Cell Phones Banned in the Classroom
by discipline.comThe Office for Standards in Education, Children’s Services and Skills (OFSTED) in the UK is an independent and impartial agency that reports directly to Parliament on its duties of inspecting and regulating services for children and young people in Great Britain, including those providing education. The job comes with the duty to inspect all of the schools in the UK and report on the conditions found. Recent concerns over the general lack of discipline in many UK classrooms caused the agency to take a harder look at the public school system there in an effort to crack down on those discipline problems.
The agency’s latest review of the schools in the UK shows they share many of the same types of discipline problems that plague schools in the United States. As in the U.S., serious and flagrant disciplinary violations at schools in the UK are usually handled on an individual case-by-case basis, but it is the persistent and ongoing low-level disruptions that can damage education for the well-behaved students in the classroom that have become the current focus of OFSTED. As a result, the agency is now recommending a complete ban on mobile phones for all students in UK schools.
As part of a proposed new inspection program that will be introduced during the next school year, OFSTED will go so far as to penalize those UK schools that fail to deal with persistent low-level disruptions in the classroom. If the ban on mobile phones is enacted, it could require teachers to enforce the mobile phone ban to avoid being targeted by OFSTED inspectors. OFSTED chief Sir Michael Wilshaw said the biggest discipline issue is the low-level disruption in the classroom that prevents children from learning effectively, and believes the phone ban should be applied across the entire country as soon as possible to cut down on the distracting effects of phones ringing during class and to put a halt to using phones for cyber-bullying and accessing pornography online while at school.
Although a few UK schools already have a ban on phone use in school, most simply require them to be kept switched off and stored out of sight. However, many teachers warn that if phones are allowed on campus at all, the teachers will have to make sure they are switched off all day long. Although the new rules will give teachers the right to search pupils for phones and confiscate them when found, most educators say that whether they are banned or not, the reality is that most kids will wander round using them whenever they please regardless of the rules.

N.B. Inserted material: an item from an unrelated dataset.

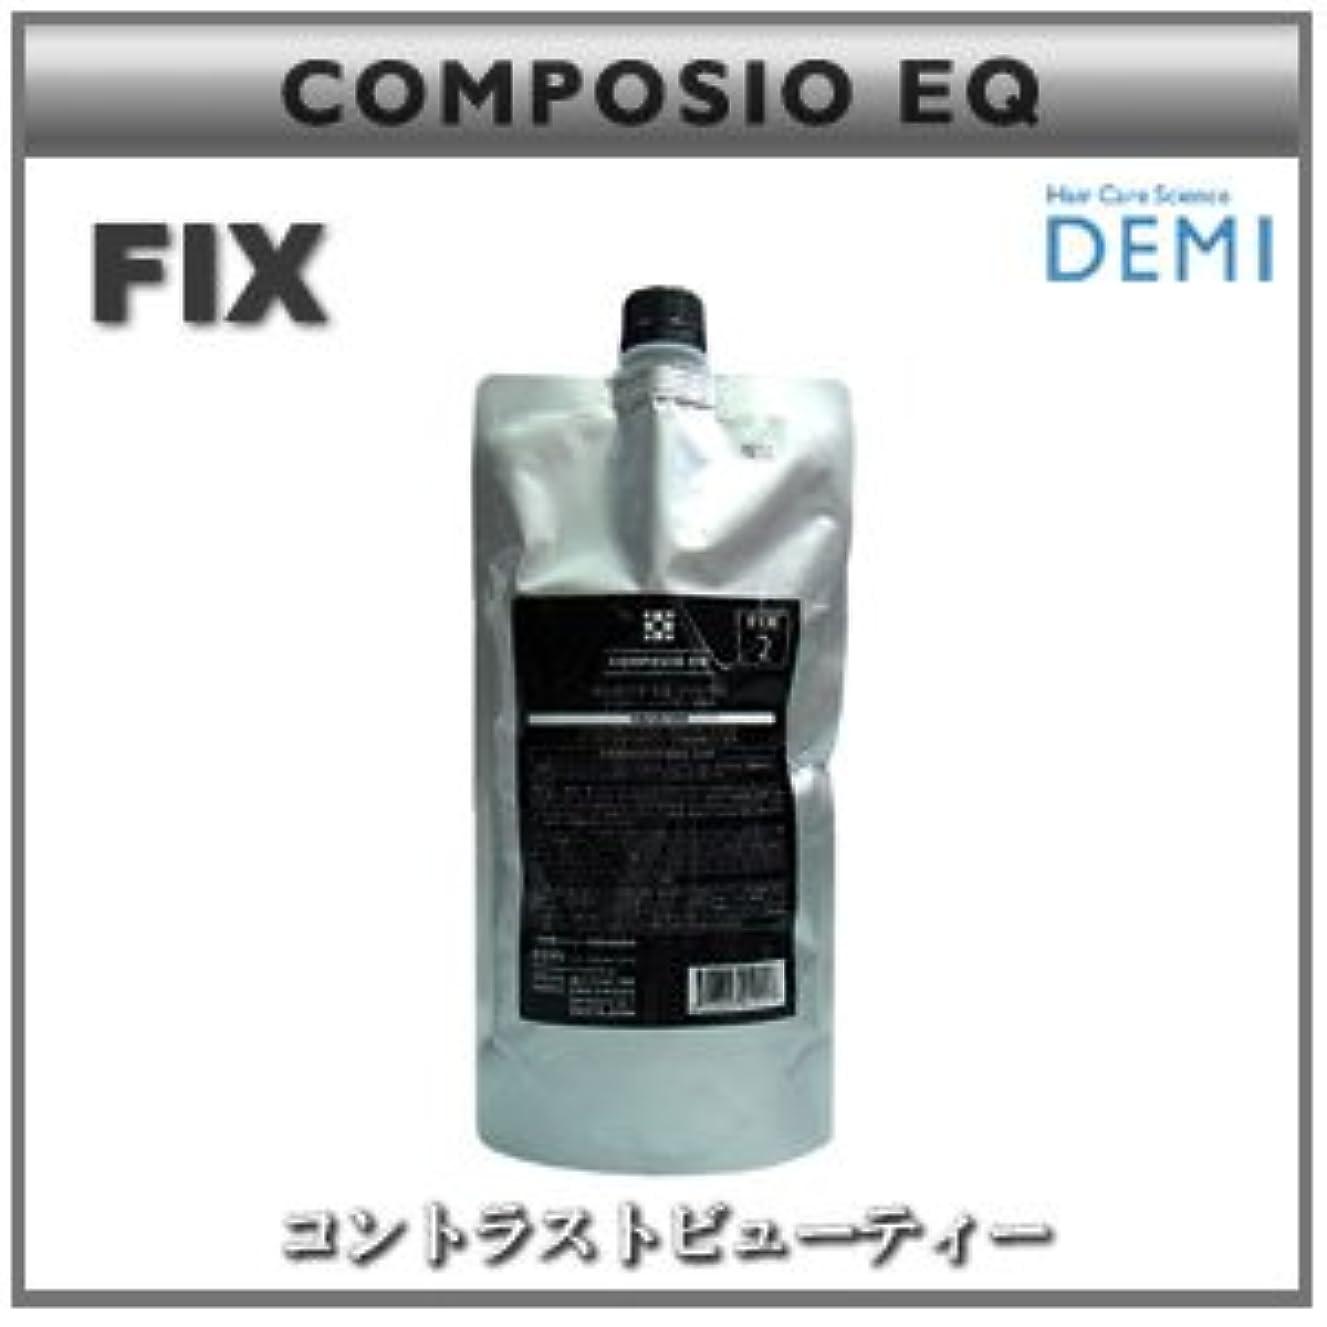 陰謀パドルノベルティ【X3個セット】 デミ コンポジオ EQ フィックス 450g

Sir Michael said that supervisors will be expected to deal more effectively with teachers who cannot control their classrooms and those who fail to fire incompetent teachers should have their pay docked. He added that “Where head teachers find that teachers are consistently underperforming, where there is that low-level disruption in every lesson, no matter what the professional development taking place in the school, then action needs to be taken.” Sir Michael’s observations were in line with recommendations from the UK’s Department for Education that point to the fact that although it is the parents who need to determine whether or not their children should have phones at all, it is the responsibility of the individual teachers to decide if and when cell phones should be allowed and used in school.